- _DATA FOR THE TASK_:

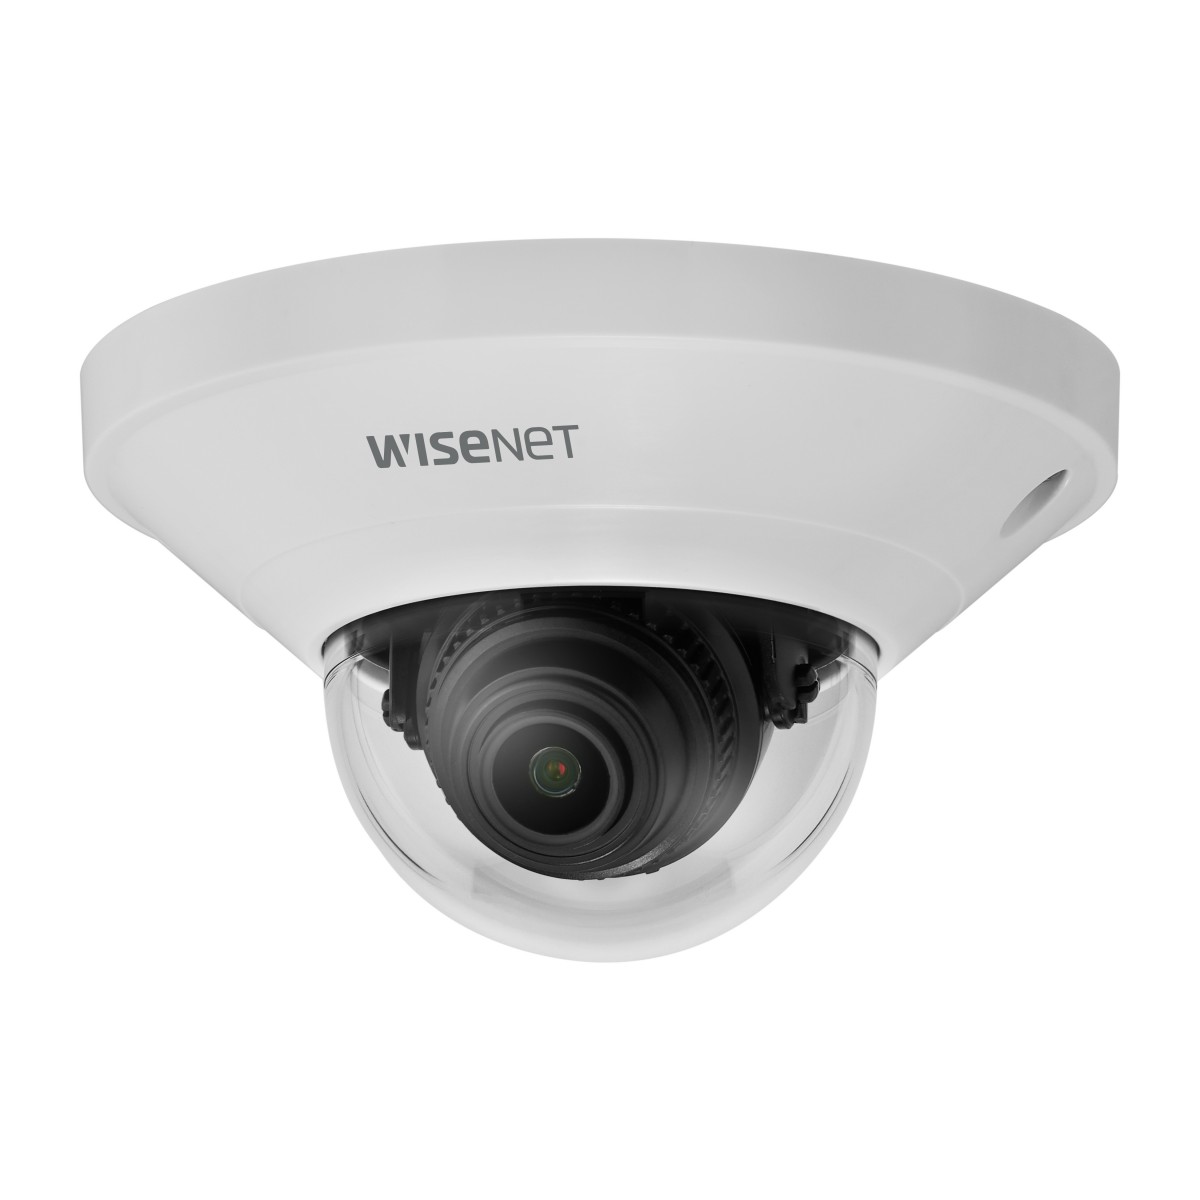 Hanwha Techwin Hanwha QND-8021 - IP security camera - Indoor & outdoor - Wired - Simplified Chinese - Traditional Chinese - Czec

...

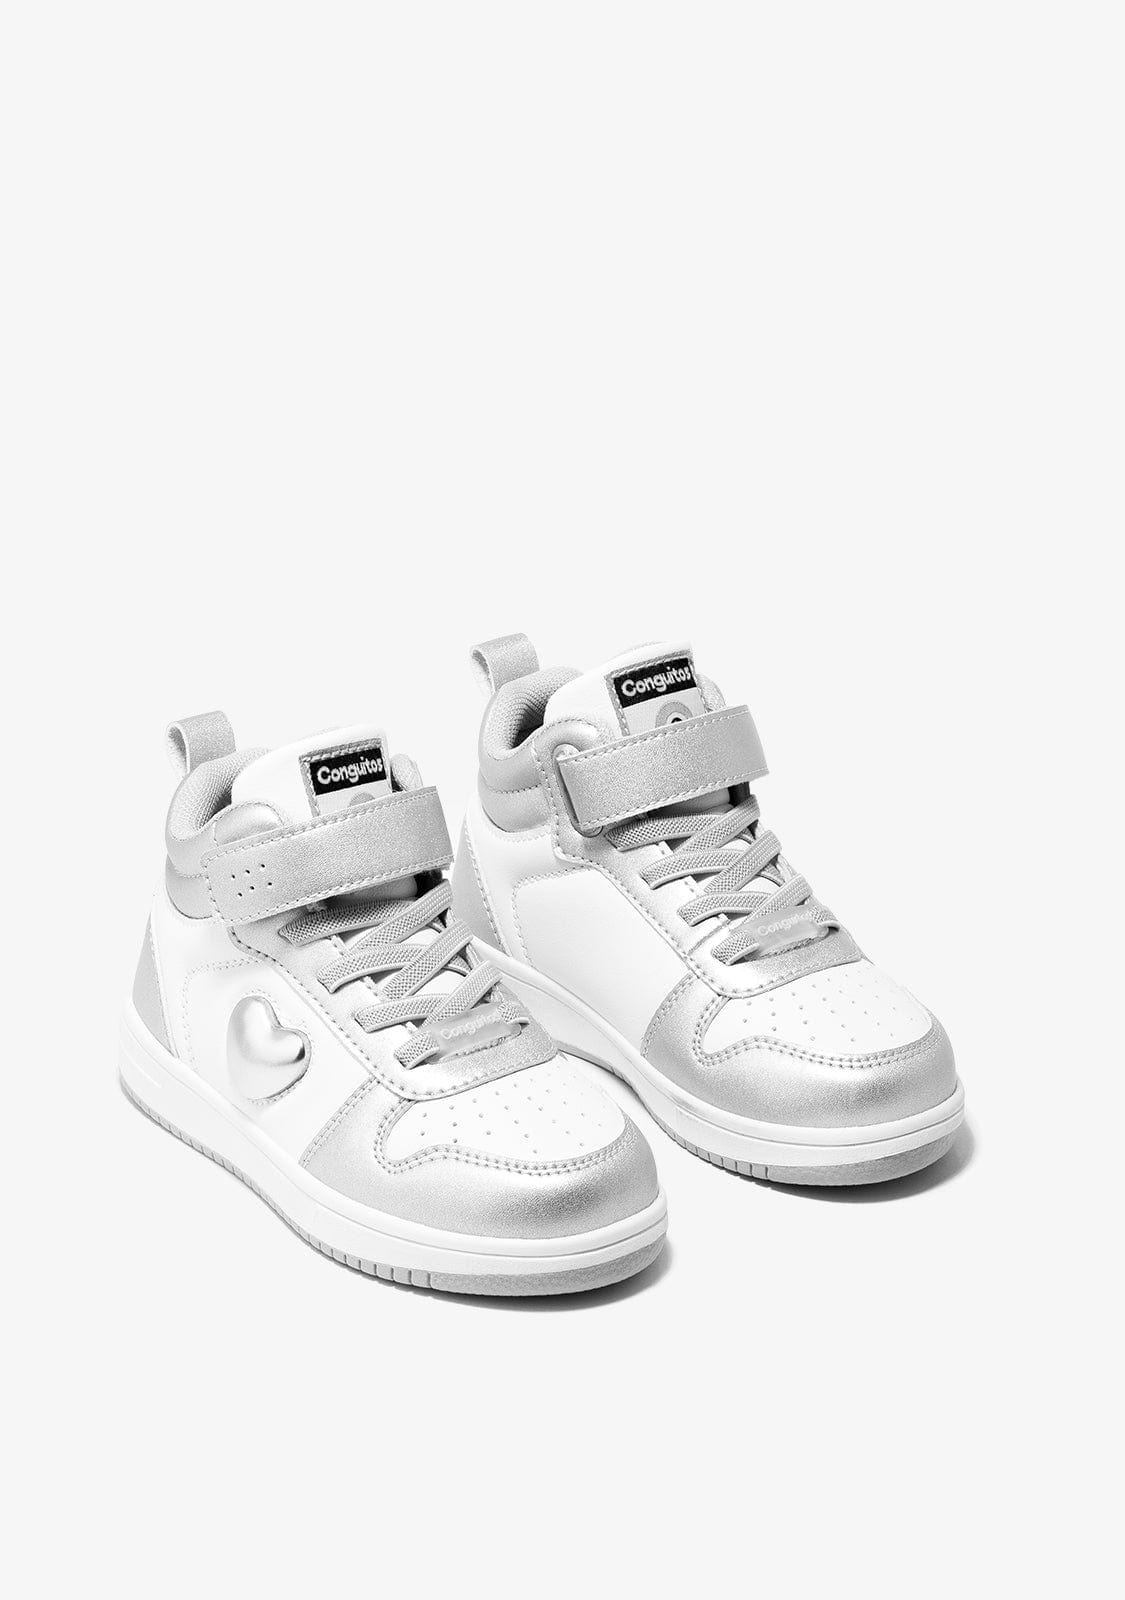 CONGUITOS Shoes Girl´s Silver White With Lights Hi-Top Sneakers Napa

* * *

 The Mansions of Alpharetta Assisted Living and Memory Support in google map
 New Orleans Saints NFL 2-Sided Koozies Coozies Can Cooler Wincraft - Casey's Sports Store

- _WORK REQUIRED_: Look in the material above for the line with "The Mansions of" and the line with "New Orleans Saints", and transcribe exactly those lines and all lines between them, nothing more.

- _REPLY_:
 The Mansions of Alpharetta Assisted Living and Memory Support in google map
 New Orleans Saints NFL 2-Sided Koozies Coozies Can Cooler Wincraft - Casey's Sports Store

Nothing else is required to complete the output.